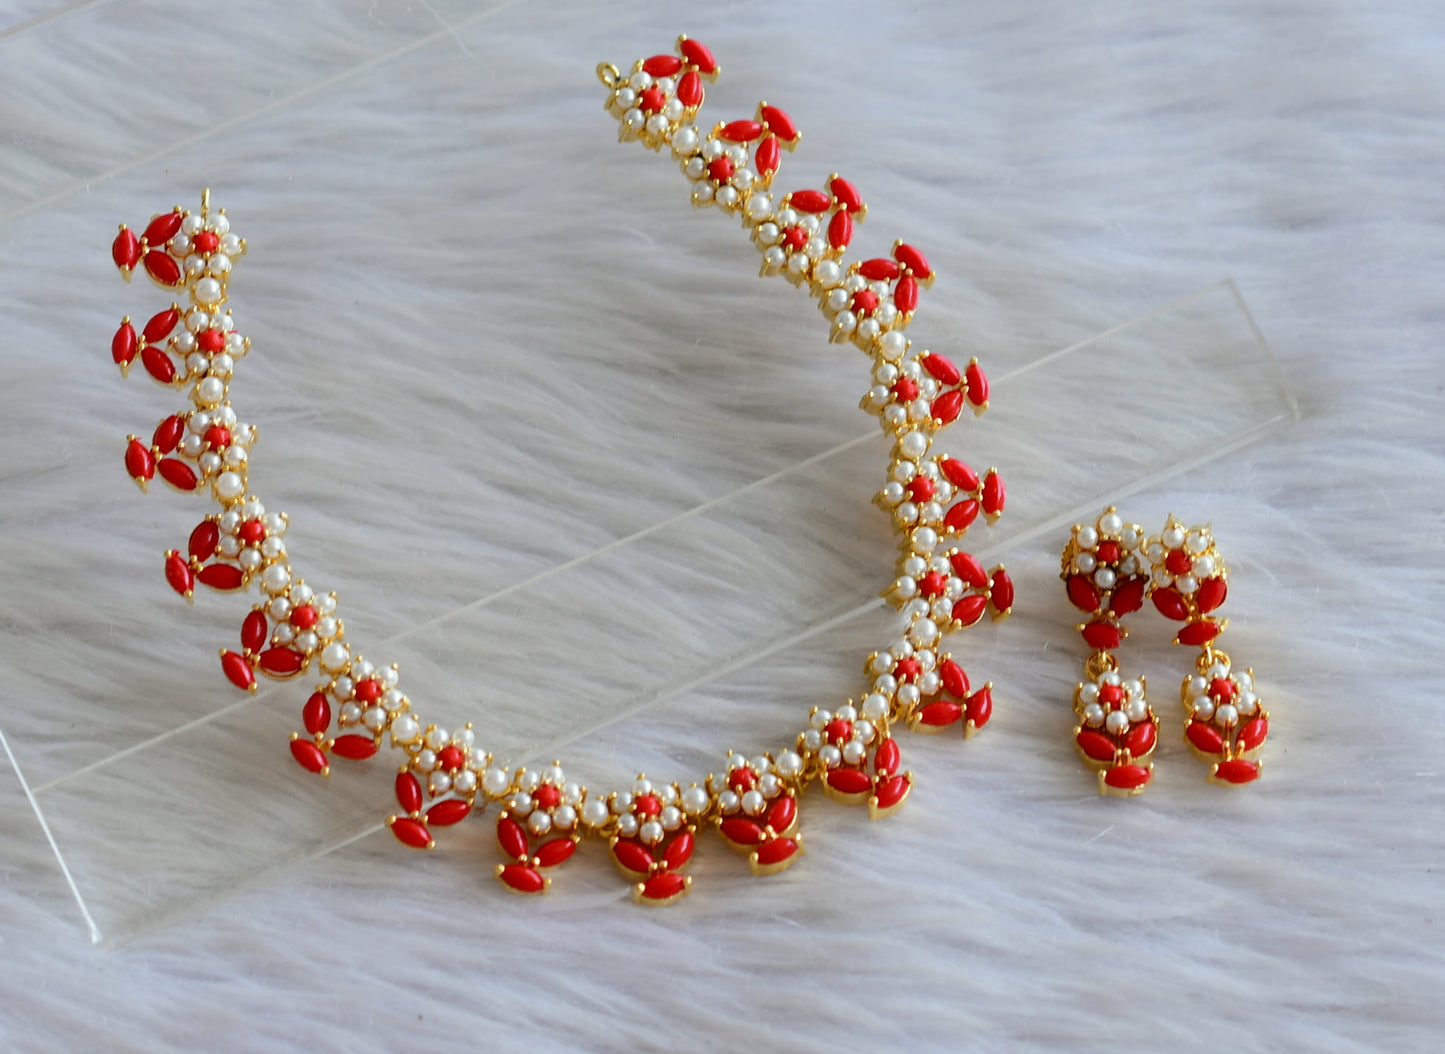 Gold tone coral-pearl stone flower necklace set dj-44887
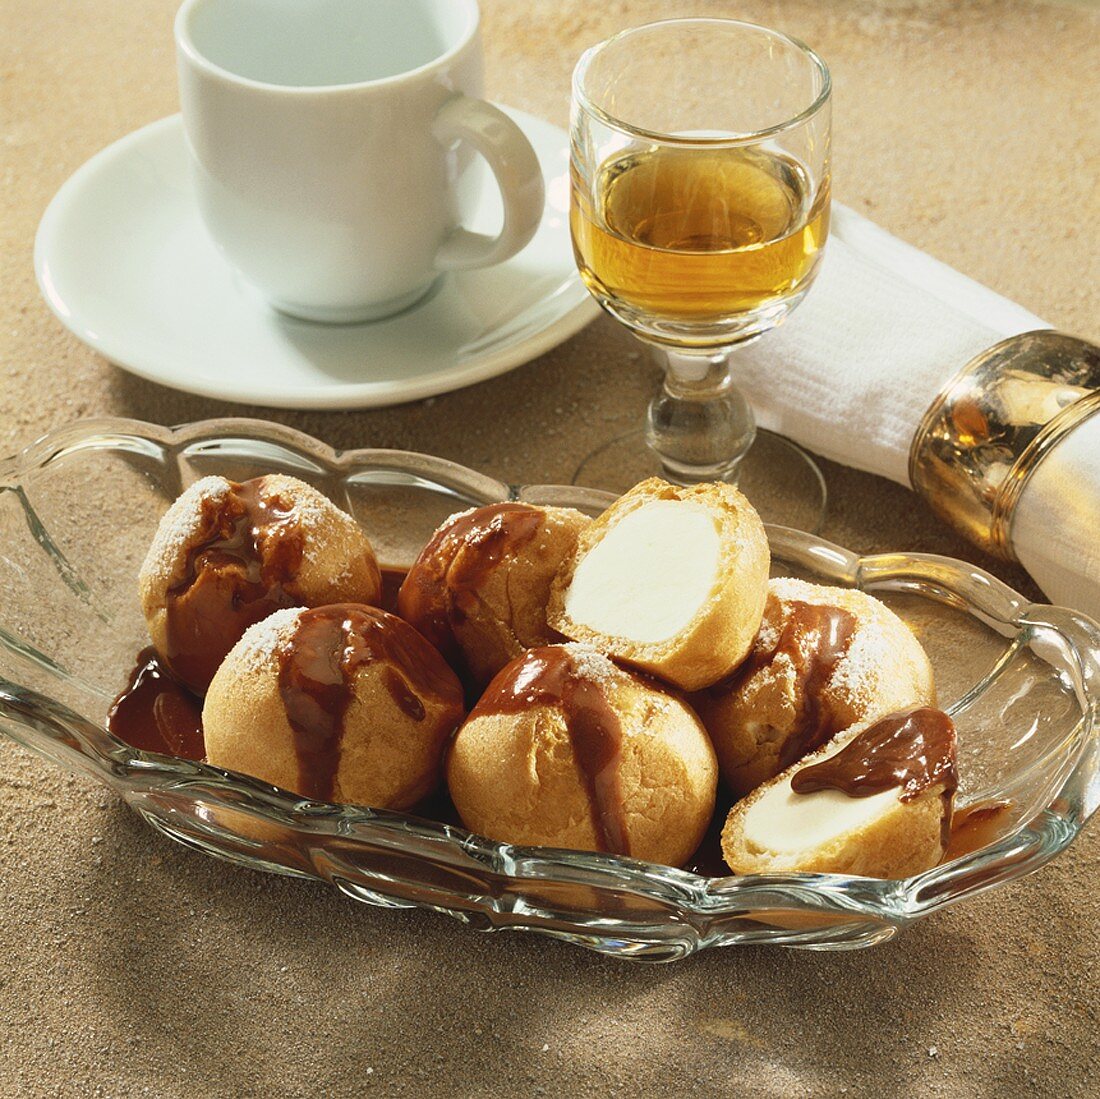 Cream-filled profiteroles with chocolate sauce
***
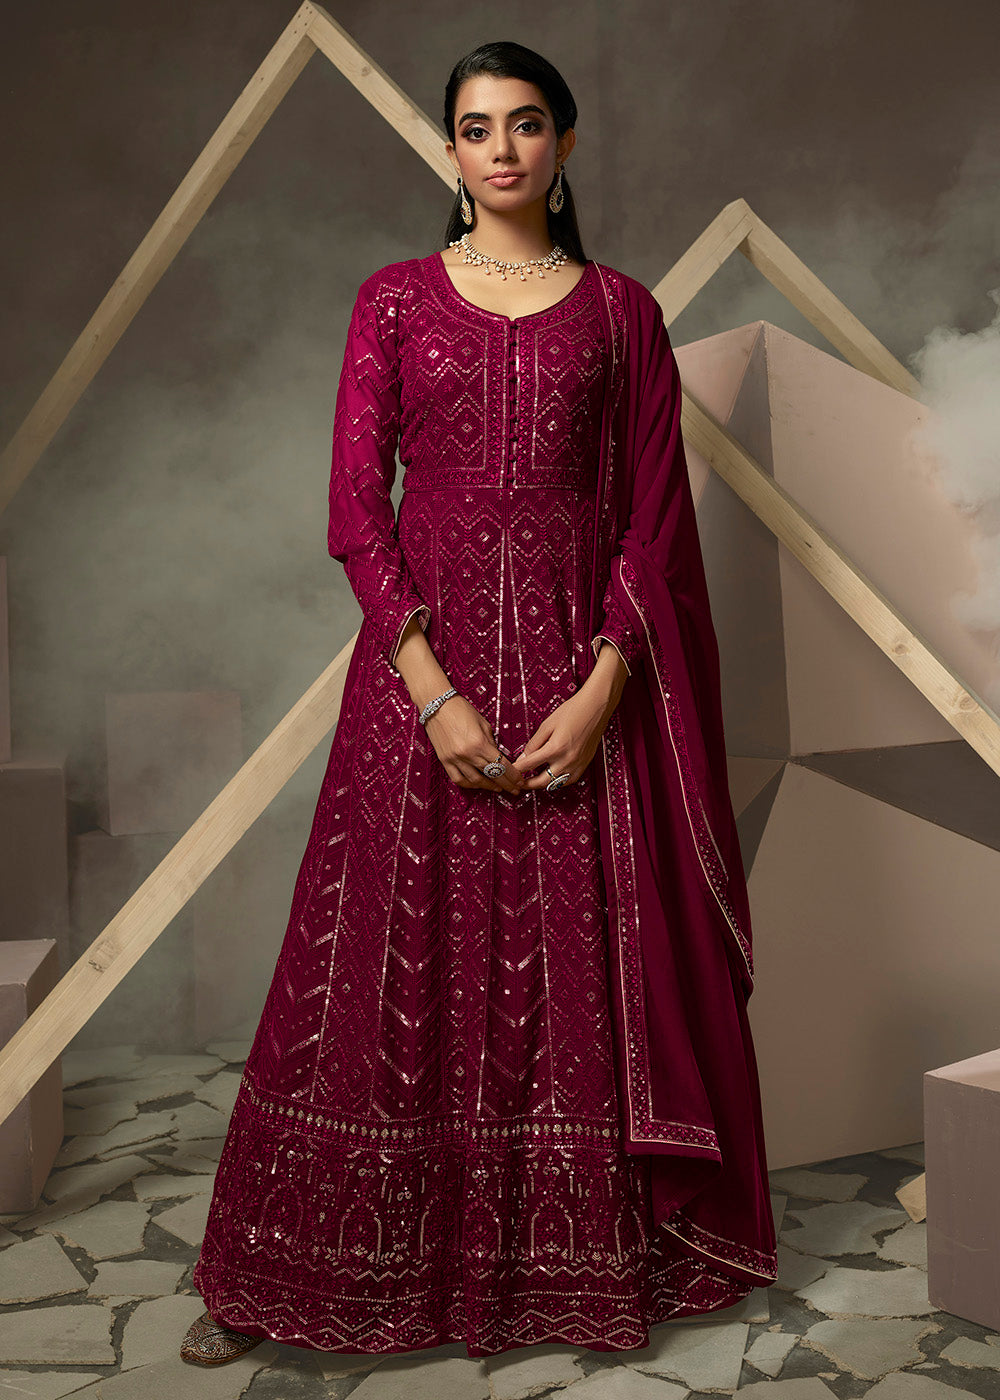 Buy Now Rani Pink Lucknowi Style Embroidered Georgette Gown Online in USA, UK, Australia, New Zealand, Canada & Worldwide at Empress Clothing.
***
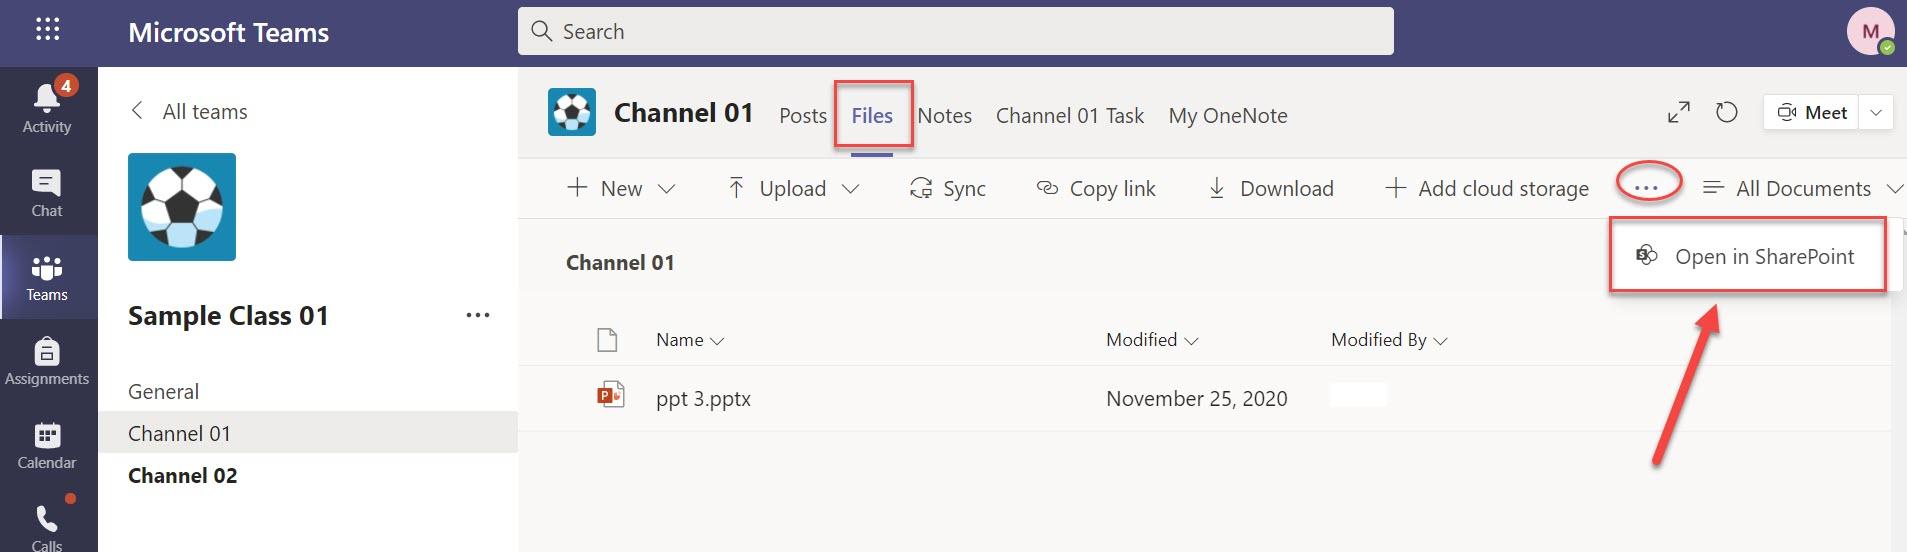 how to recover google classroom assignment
***
Output should consist of the lines above from the one with "Gold tone coral-pearl" down to the one with "Cream-filled profiteroles with", exact and without pictures.

 Gold tone coral-pearl stone flower necklace set dj-44887
 Cream-filled profiteroles with chocolate sauce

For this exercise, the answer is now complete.